Two intentionally conservative paths in the profile are worth calling out:
fact_checkoverlays only escalate when verification pressure is strong and the prompt gives explicit confirmation cuesuser_feedbackrecovery lanes require literal correction or clarification signals instead of broadly capturing all follow-up traffic
That makes the profile easier to reason about when you are testing routing behavior on a single backend.
Validate the Deployment in the Playground

Once onboarding is complete, the fastest way to validate the system is through the dashboard playground. Try a few prompts that represent different routing tiers:
Coding Help
Debug this Python stack trace and suggest the most likely fix.
This should land on the cheaper coding lane backed by qwen/qwen3.5-rocm.
Deep Reasoning
Prove rigorously that the square root of 2 is irrational.
This should escalate into the reasoning tier and map to the openai/gpt5.4 alias.
Premium Legal Analysis
Provide a legal analysis of the indemnity clause, liability cap, and compliance obligations in this contract.
This should match the premium legal lane and forward to anthropic/claude-opus-4.6.

Observe the Routing Behavior in Insights
You can also inspect the routing behavior in Insights. The reference profile includes replay, so you can see what actually happened during routing. And also how much money you saved by using the cheaper lanes.

Test the Brain Topology
The router dashboard also includes a brain topology view that shows the high-level structure of the routing graph. This is useful for understanding the overall shape of the policy, and how different decisions are connected. And you can directly test your prompt to see its activation path.
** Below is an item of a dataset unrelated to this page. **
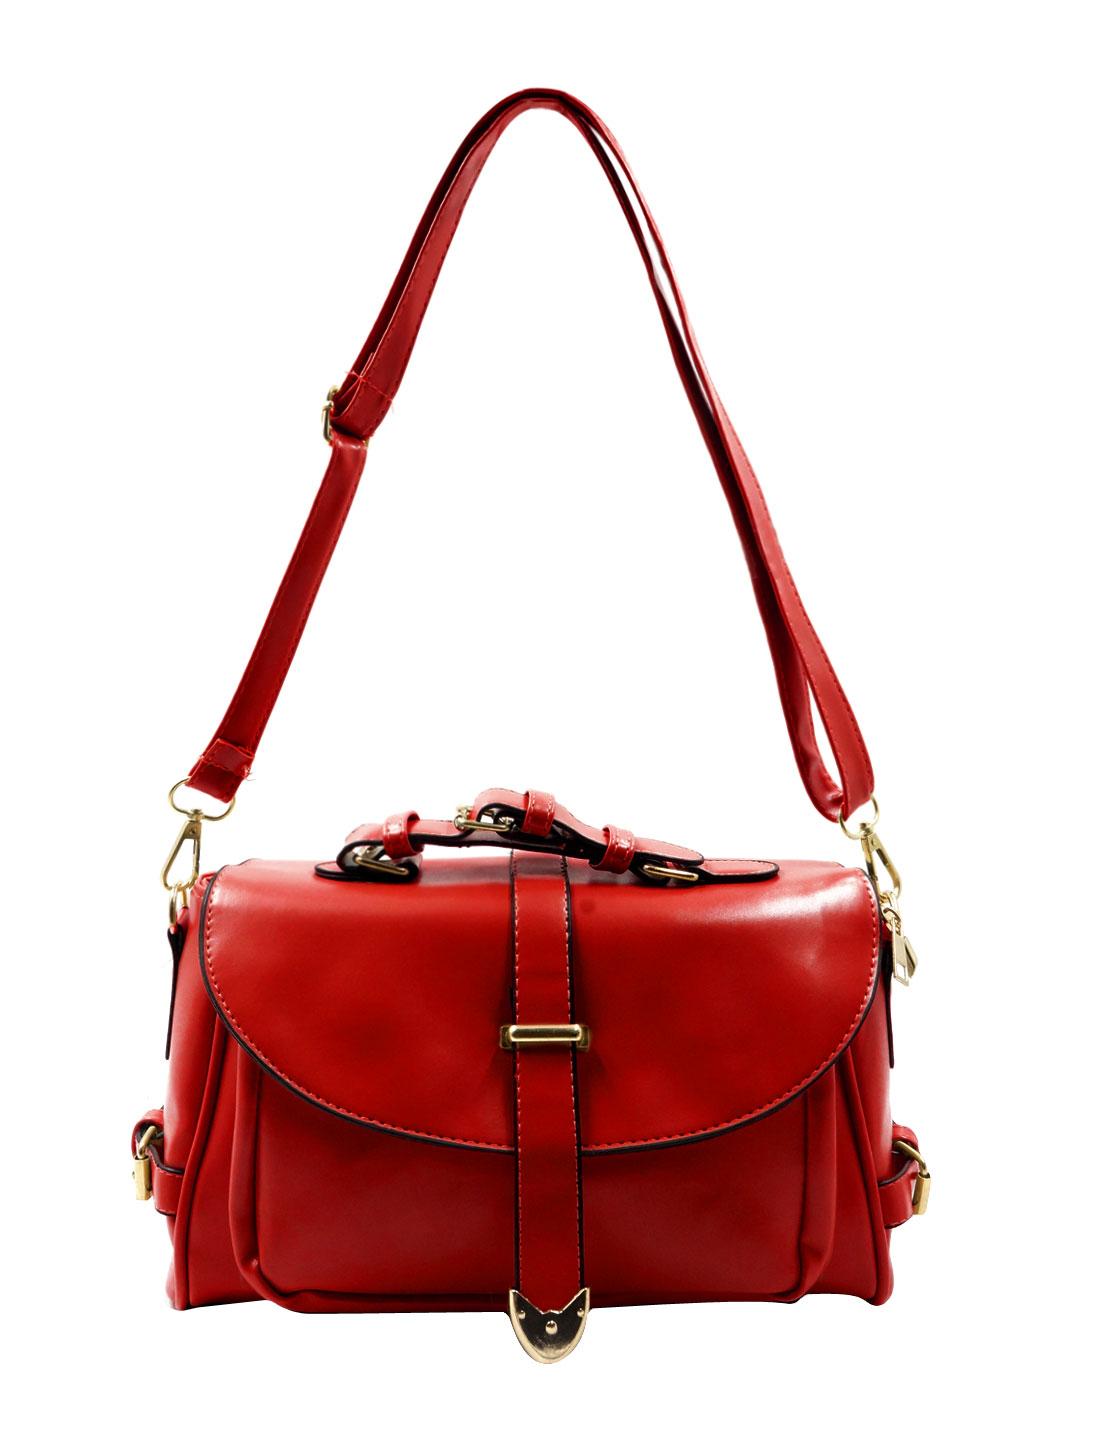 Woman Imiatation Leather Multi-Pockets Crossbody Shoulder Bag Red

Design Your Own Routing DSL
The dashboard also includes a full DSL editor that lets you design your own routing policy. The reference profile is a good starting point, but you can also use the editor to try out different ideas.
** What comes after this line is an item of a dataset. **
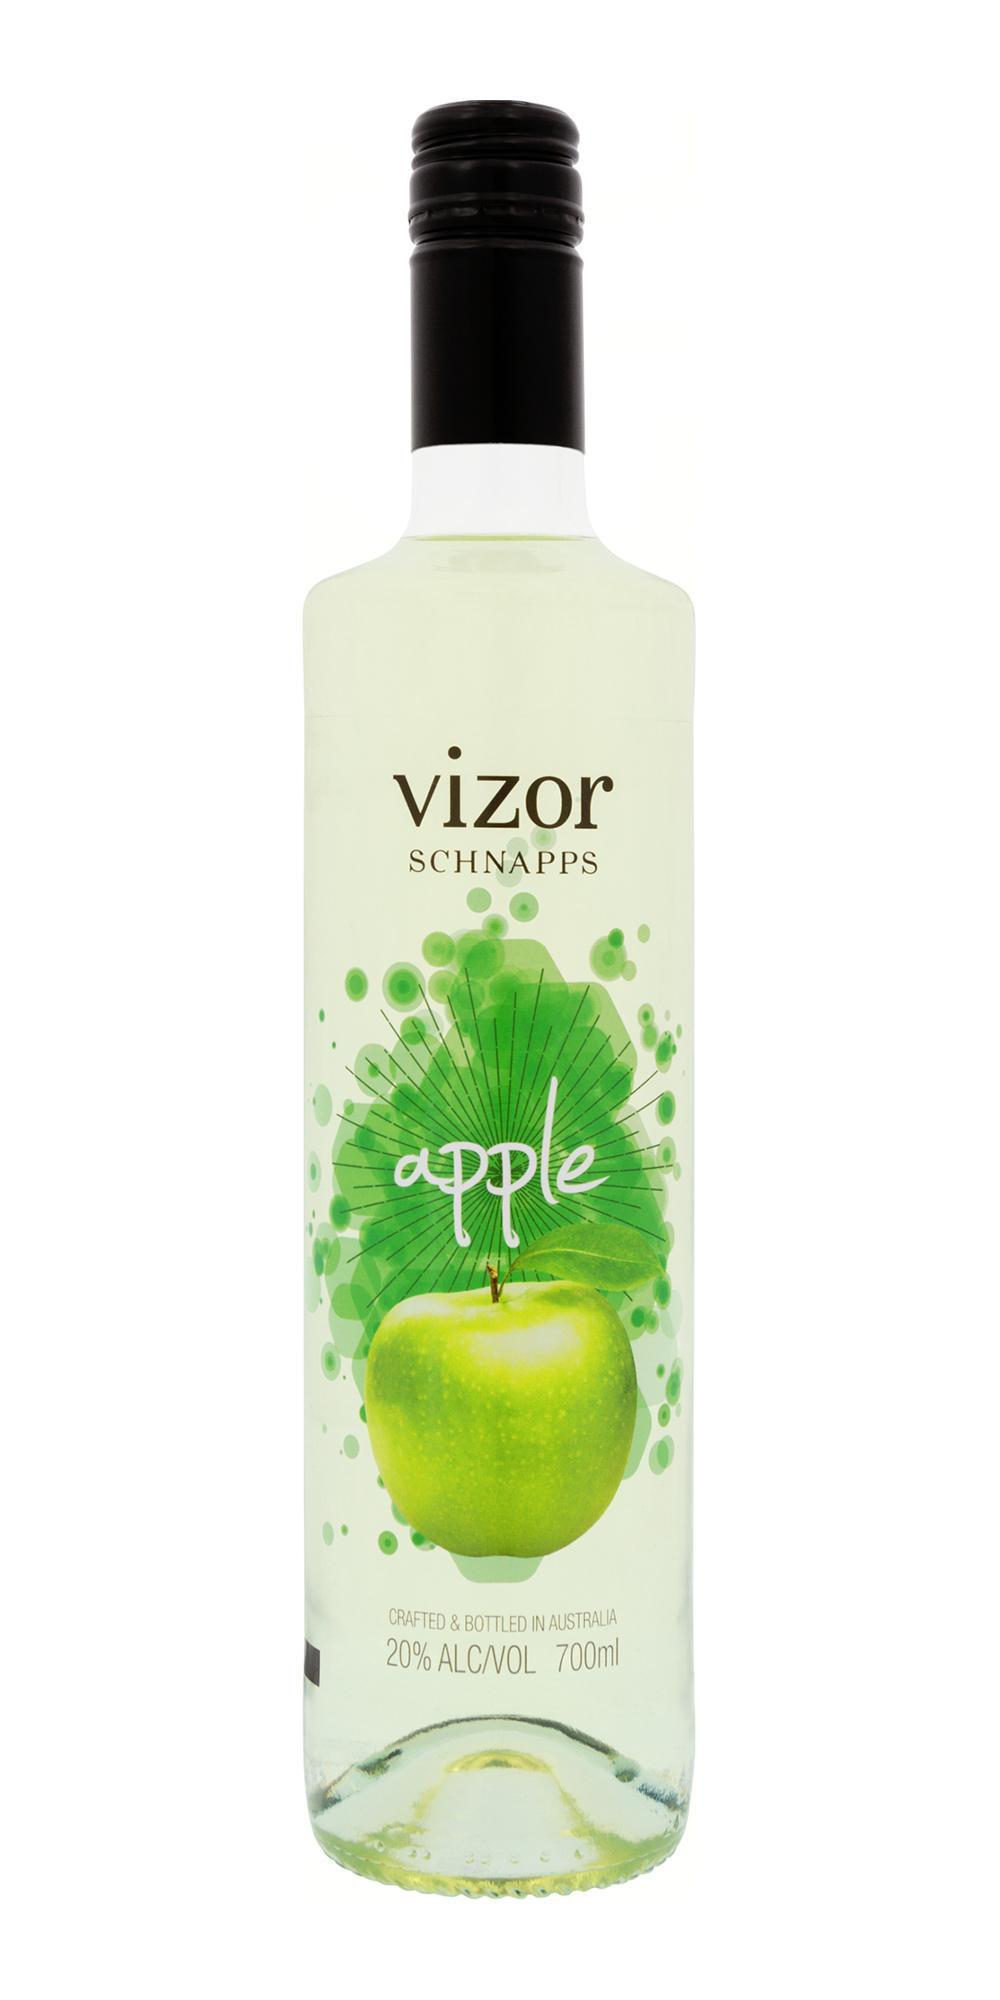 Vizor Apple Schnapps

And you can design a very complex boolean expression in a single route, to express very precise routing policy.

Final Thoughts
Deploying vLLM Semantic Router on AMD Developer Cloud gives you more than a working endpoint. It gives you a compact routed system: one or more ROCm-hosted backend, multiple semantic tiers, visible routing logic, and a dashboard experience that makes the behavior understandable instead of opaque.
That is what makes this reference profile useful. You can start with a single real AMD backend, import a complete routing policy, inspect how decisions are made, and then iterate from there without first building a large multi-backend fleet. For teams exploring cost-aware routing, replay-driven debugging, or AMD-based MoM patterns, it is a practical and reproducible starting point.